The task |
Would you transcribe the listing that follows, character for character, and omit its images?

Data segment |
======
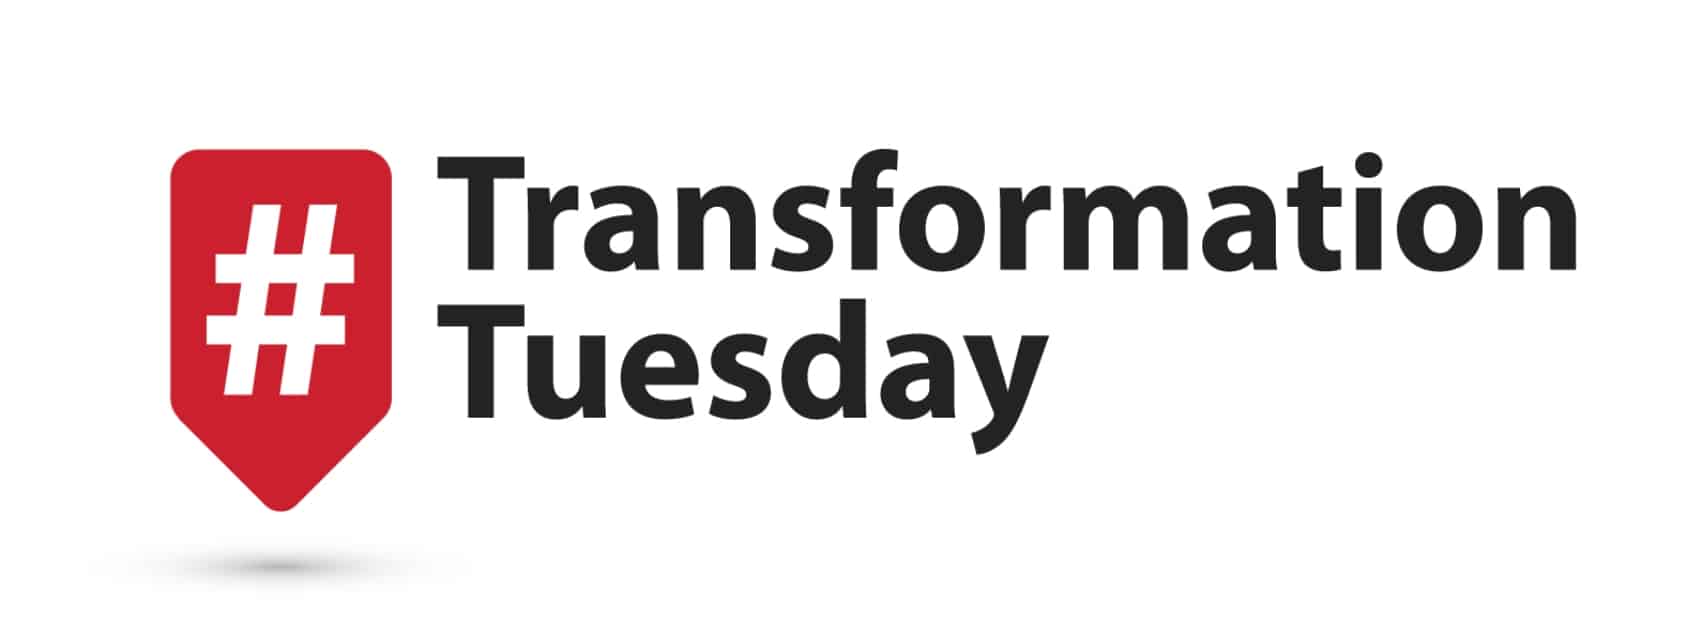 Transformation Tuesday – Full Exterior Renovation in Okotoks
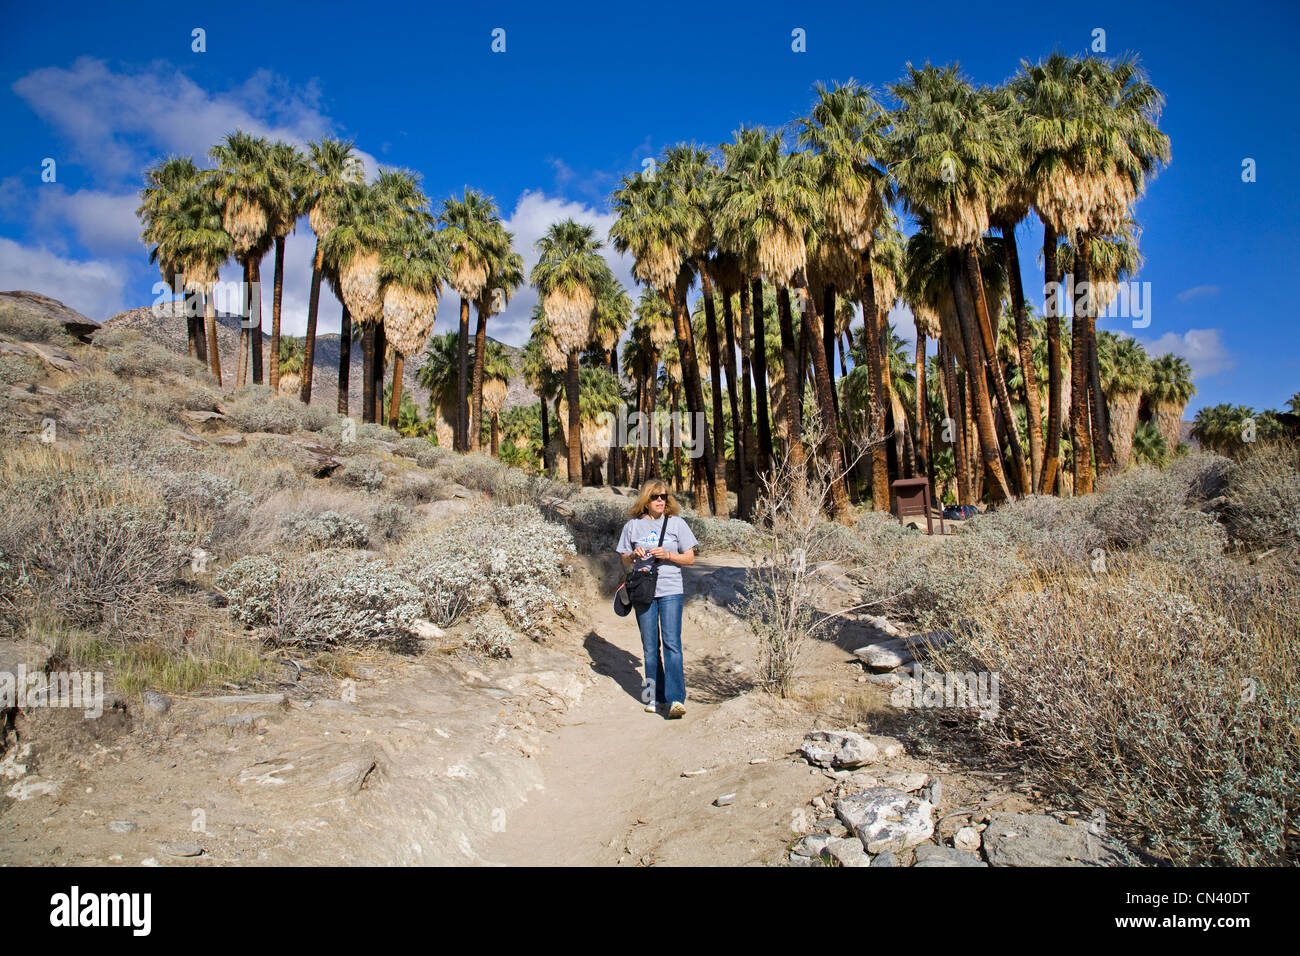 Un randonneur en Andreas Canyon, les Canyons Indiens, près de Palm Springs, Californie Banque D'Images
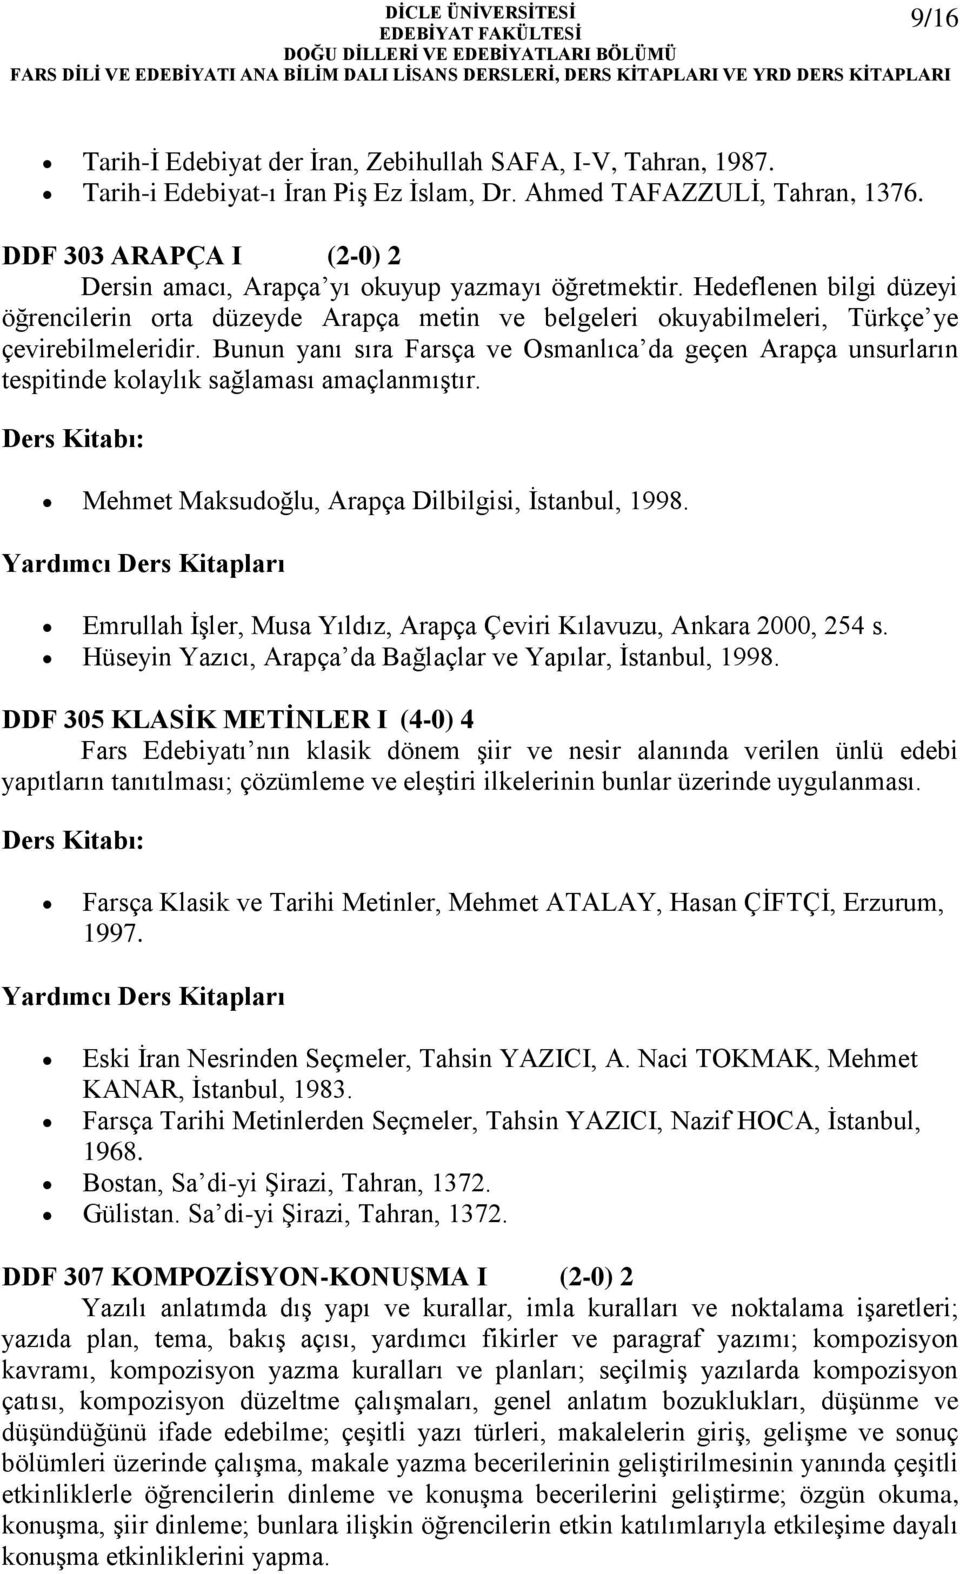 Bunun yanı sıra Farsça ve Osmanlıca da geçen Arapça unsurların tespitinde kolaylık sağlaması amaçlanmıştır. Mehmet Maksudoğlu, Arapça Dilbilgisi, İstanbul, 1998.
======
Written answer |
 Transformation Tuesday – Full Exterior Renovation in Okotoks
 Un randonneur en Andreas Canyon, les Canyons Indiens, près de Palm Springs, Californie Banque D'Images
 Bunun yanı sıra Farsça ve Osmanlıca da geçen Arapça unsurların tespitinde kolaylık sağlaması amaçlanmıştır. Mehmet Maksudoğlu, Arapça Dilbilgisi, İstanbul, 1998.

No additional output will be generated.